Sebi amends insider trading prohibition rules

Mumbai: The Securities and Exchange Board of India (Sebi) said on Thursday it has made amendments to the insider trading prohibition rules.

The markets regulator said the amendments to the insider trading prohibition rules include maintaining a structured digital database containing nature of unpublished price sensitive information and the names of persons who have shared the information.

It will involve automation of process of filing disclosures to stock exchanges, restriction on trading window not to be made applicable for transactions as prescribed by Sebi, and also entails entities to file the non-compliances of Code of Conduct with the stock exchanges.

Sebi also temporary relaxed the rules on pricing of preferential issues in the wake of Covid-19 crisis for issues between July and December 31, or as the regulator may notify.

It decided to provide an additional option to the existing pricing methodology for preferential issuance. Under this option, in case of frequently traded shares, the price of the equity shares to be allotted pursuant to the preferential issue shall be not less than higher of the average of the weekly high and low of the volume weighted average price (VWAP) of the related shares during the twelve weeks preceding the relevant date, or such average of the weekly high and low of VWAP of shares during the two weeks preceding the relevant date.
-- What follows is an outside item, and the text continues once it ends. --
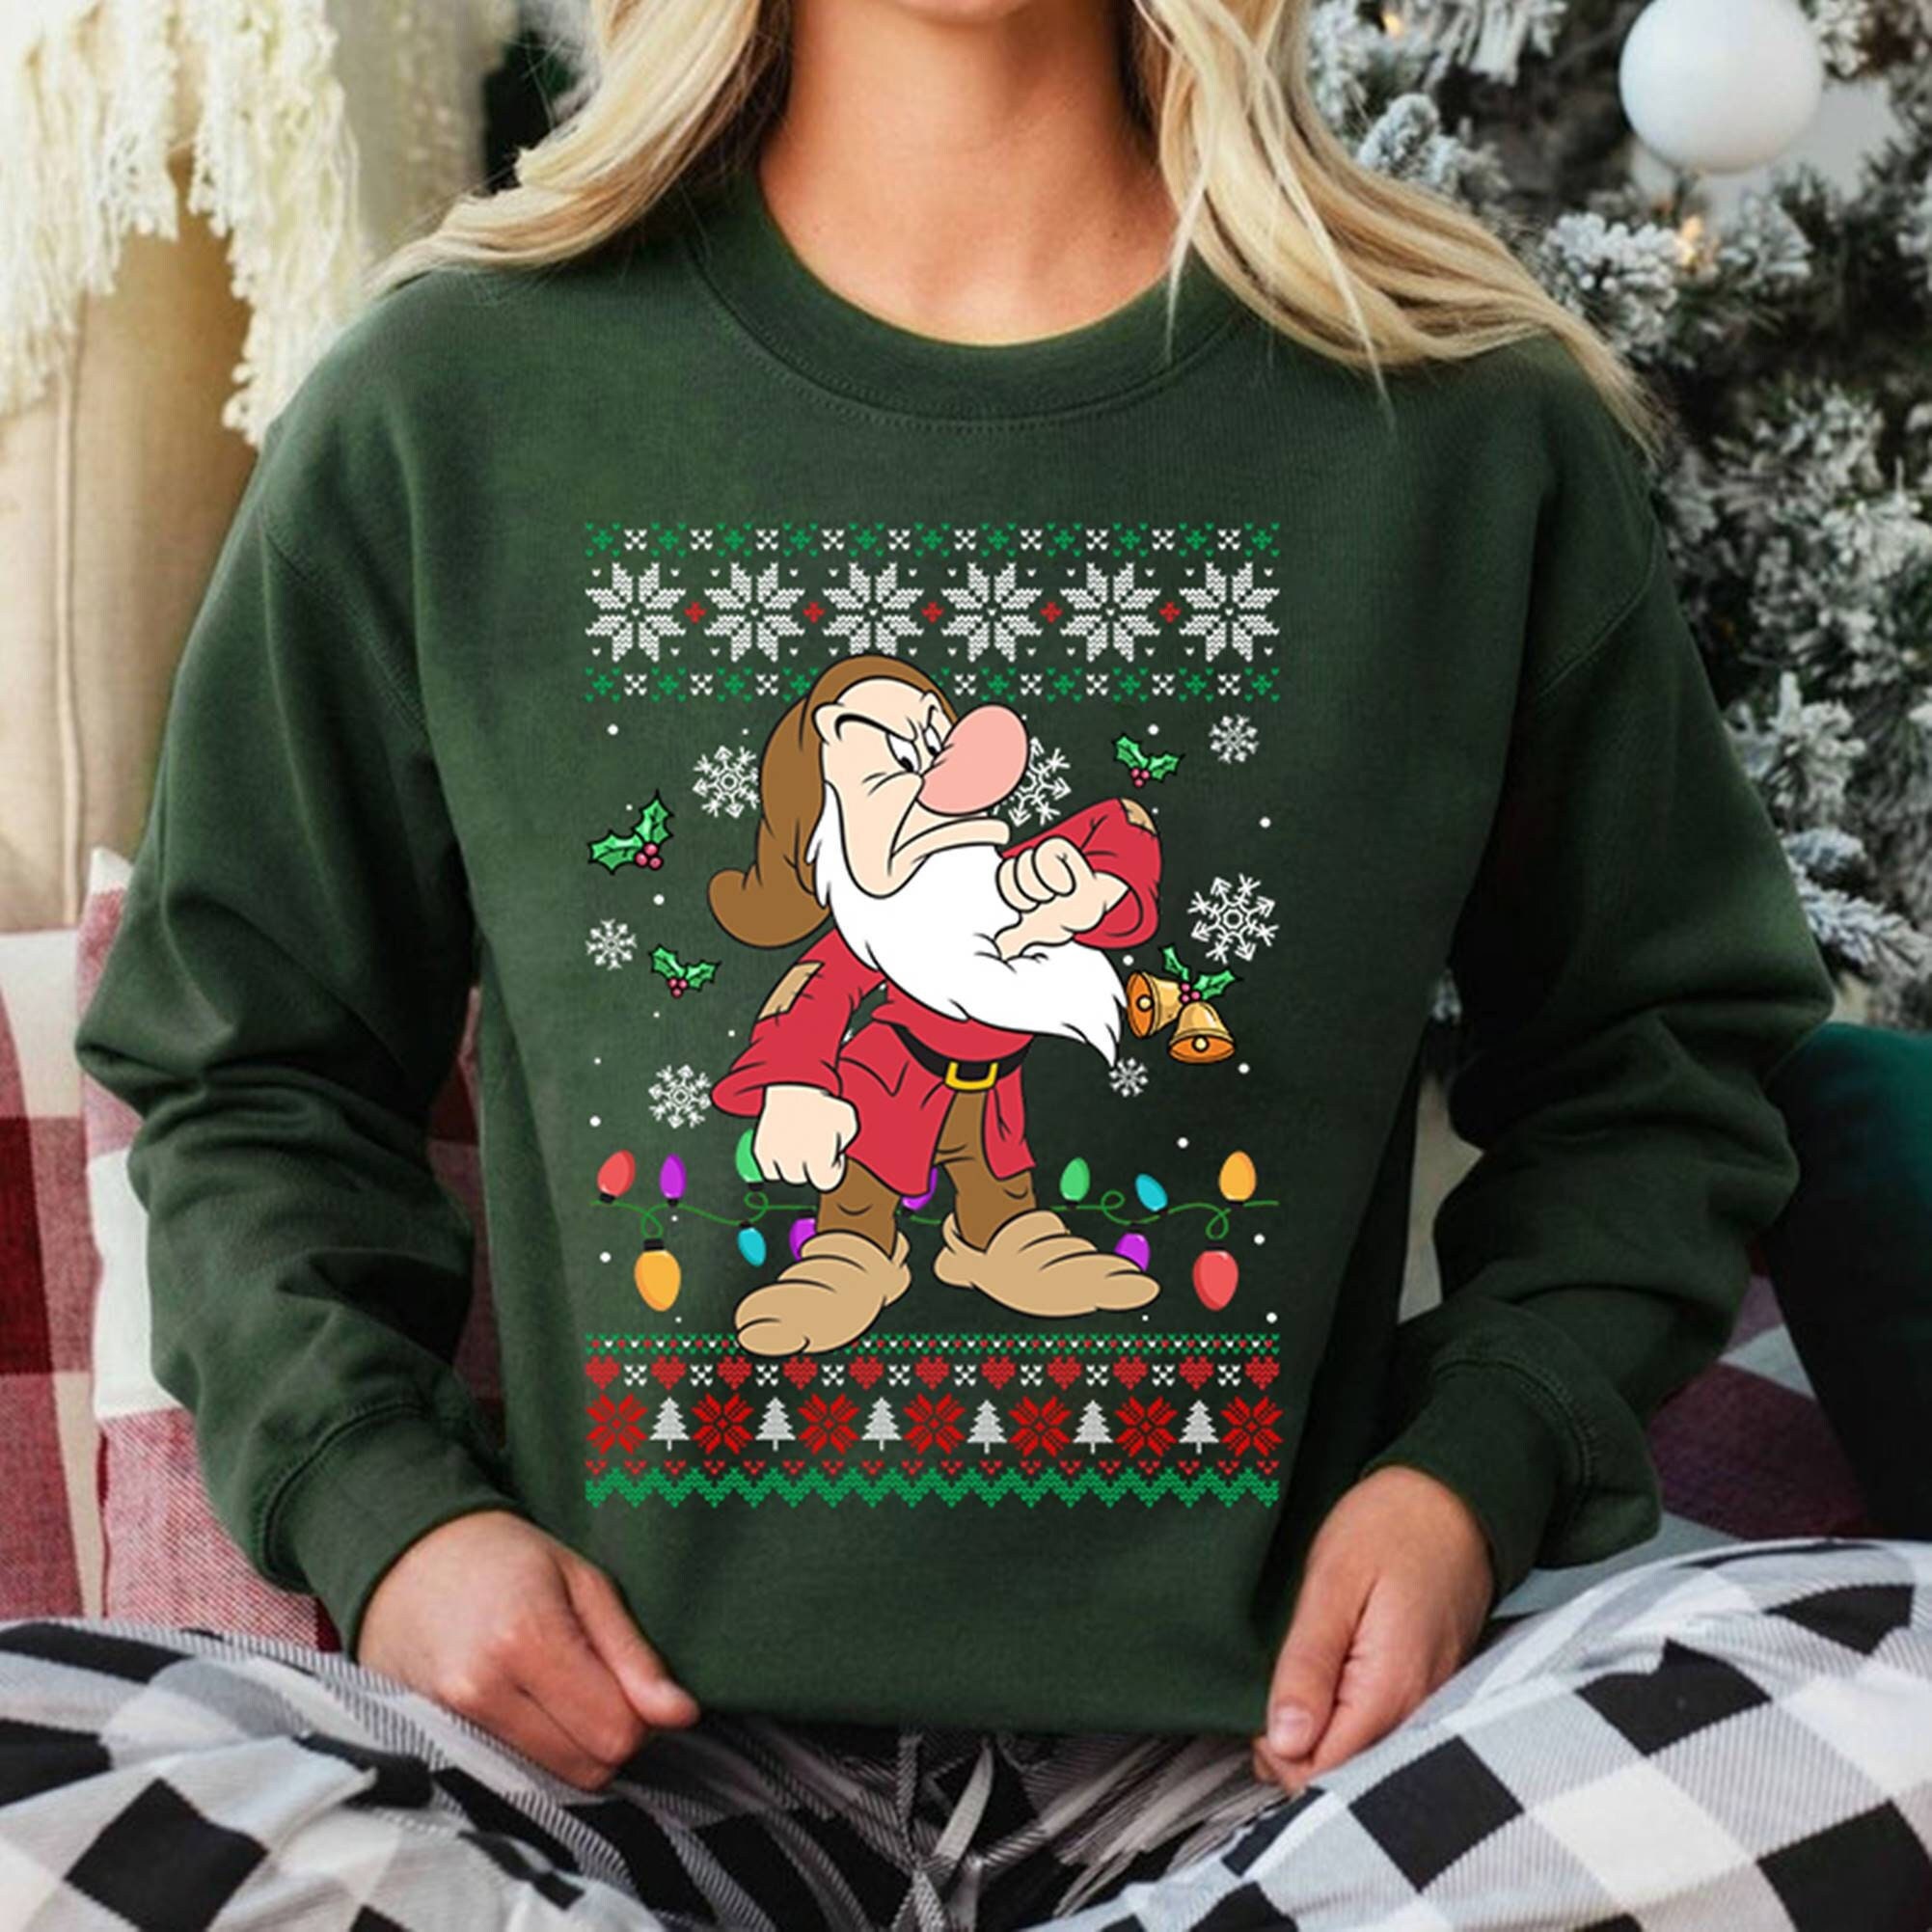 Tstars Cute Santa Claus Ugly Christmas Sweater Ho Ho Holiday Boys Girl – Ugly  Christmas Sweater Party
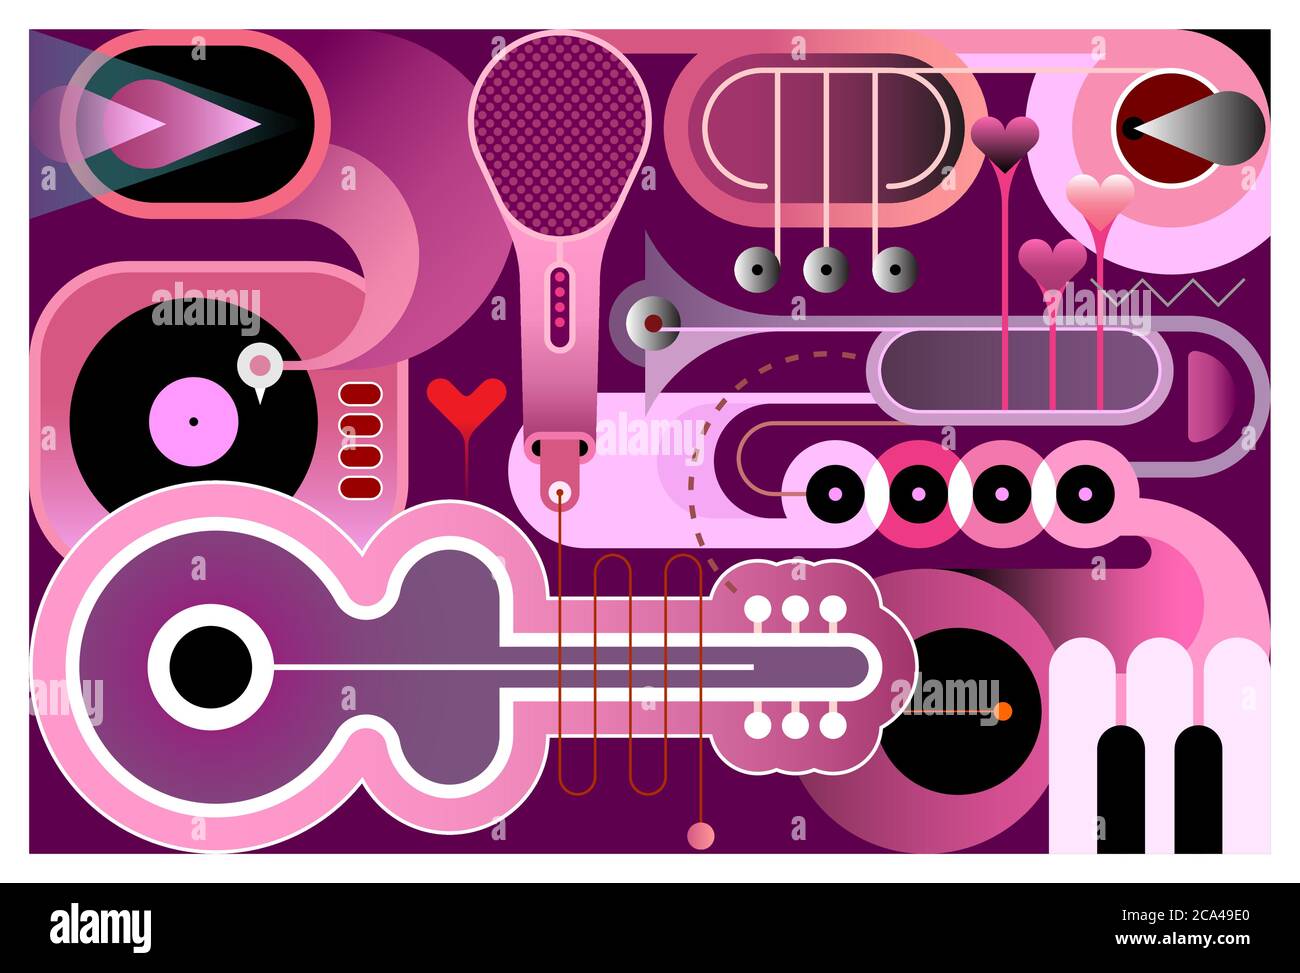 Sombras de color púrpura saturado fondo musical abstracto. Diseño de diferentes instrumentos musicales, ilustración vectorial. Guitarra acústica, saxofón Ilustración del Vector

Such specified securities allotted on preferential basis using the above pricing formula shall be locked-in for a period of three years, Sebi said in a release.

The existing pricing guideline for preferential issue for frequently traded shares shall also continue to remain in force, and the issuer may choose any one of the formulas.

Sebi also permitted acquisition through stock exchange settlement process through bulk or block deals during the open offer.

In case of indirect acquisitions where public announcement of an open offer has been made, the entire consideration payable under the open offer must be deposited 2 working days before the date of detailed public statement, and an escrow account will be in the form of cash or bank guarantee.

If there is a delay in making open offer due to the acquirer’s acts, a simple interest of 10 per cent will be paid to the shareholders who have tendered the shares in the open offer, Sebi added.

Sebi also approved some amendments to the settlement regulations. Promoters will now be included along with the principal officer for the purpose of calculation of the base amount.

In order to save time, instead of issuing settlement notice, Sebi will now include a paragraph in the show cause notice, informing the noticee about the option to file a settlement application.